As evaluated with the 2,2-diphenyl-1-picrylhydrazyl (DPPH) radical, the total antioxidant capacity increased by 6.43% in the leaves following the soil application of 400 mg L−1 of SiO2 NPs due to the 10.21% increase in the antioxidant capacity of the hydrophilic compounds (Figure 6A). In contrast, a decrease of 9.27% in the antioxidant capacity of hydrophilic compounds was observed in the flowers at 800 mg L−1 of SiO2 NPs (Figure 6B).
Following foliar application, the antioxidant capacity in the leaves was not modified by the SiO2 NPs (Figure 6C). In contrast, the foliar application of SiO2 NPs increased the antioxidant capacity of the flowers by 5.18% at a concentration of 600 mg L−1 due to the 9.53% increase in the antioxidant capacity of the hydrophilic compounds compared to the control (Figure 6D).

3. Discussion

During their development and maturation, flowers require nutrients to keep their metabolism optimal. However, when metabolism is affected, the release of amino acids and monosaccharides from the cell wall can be promoted, since ATP is obtained from them. This leads to the degradation of cell walls and, consequently, to decreases in the life and quality of flowers. Additionally, damage to membranes causes the production of ROS, which results in lipid peroxidation and, ultimately, the senescence of plants [14]. Particularly in the case of cut flowers, senescence is closely linked to the lipid peroxidation of the petals [15]. Thus, an adequate availability of carbohydrates improves the shelf life by acting as a source of energy and nutrition, especially for flower stems with developing buds [16].

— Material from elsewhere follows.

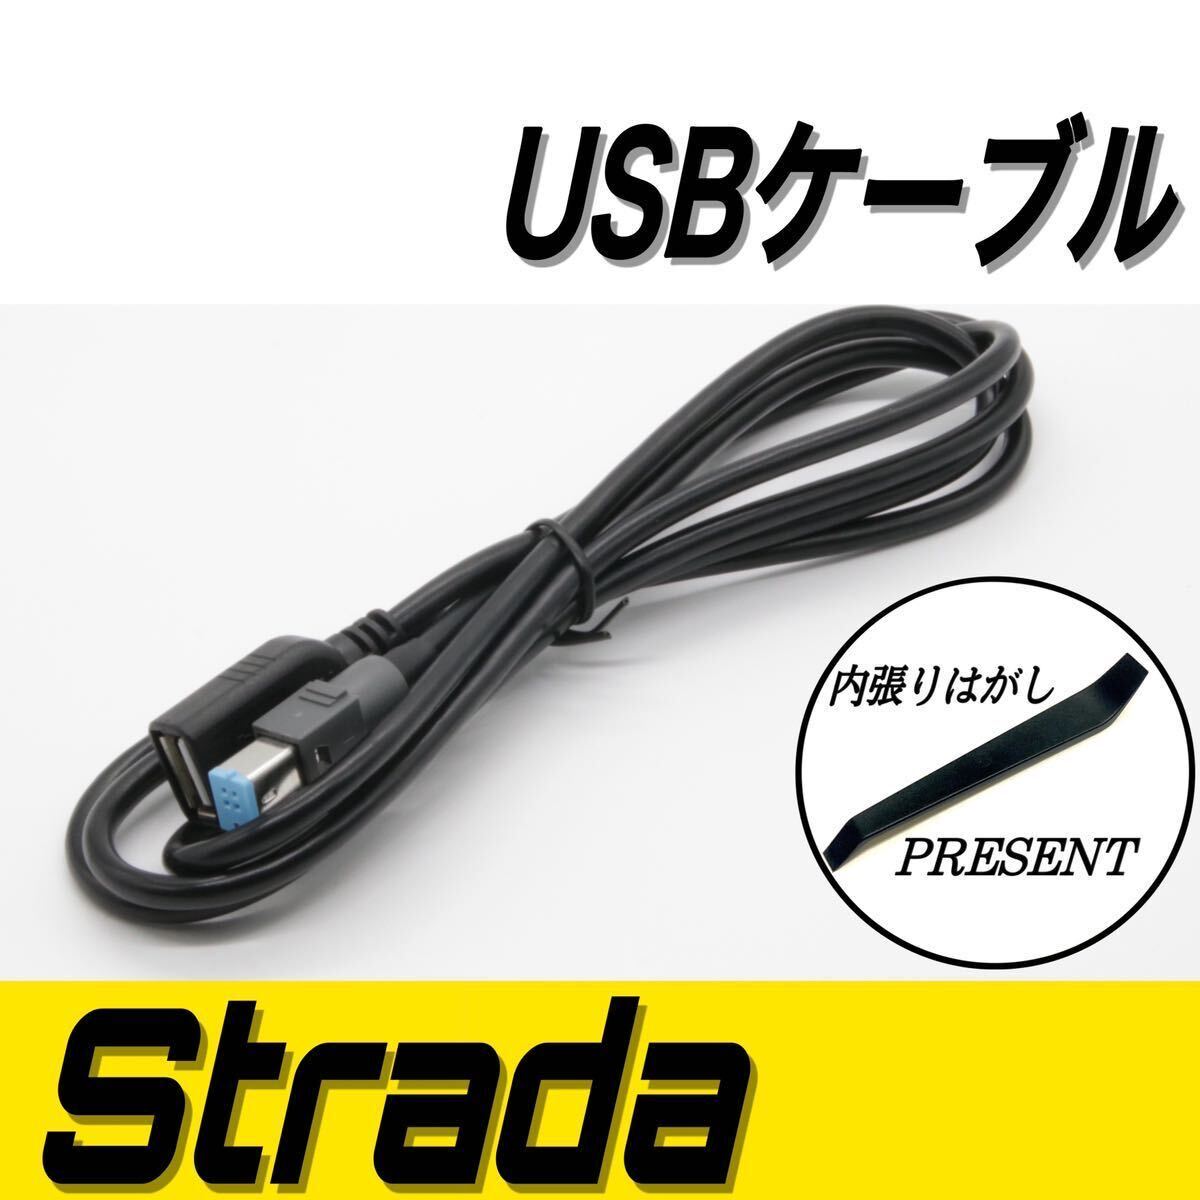  Strada car navigation system CA-LUB200D interchangeable USB charger Panasonic Panasonic iPod connection cable

Oxidative stress is one of the most important factors that affects both the life of flowers and the quality of cut flowers. Oxidative stress affects cell mechanisms and membrane lipids, accelerating senescence, which is why avoiding or reducing oxidative stress is crucial to increasing the lifespan of flowers [17]. Therefore, an adequate antioxidant defense system can increase the shelf life of flowers, as observed in this study of the application of SiO2 NPs.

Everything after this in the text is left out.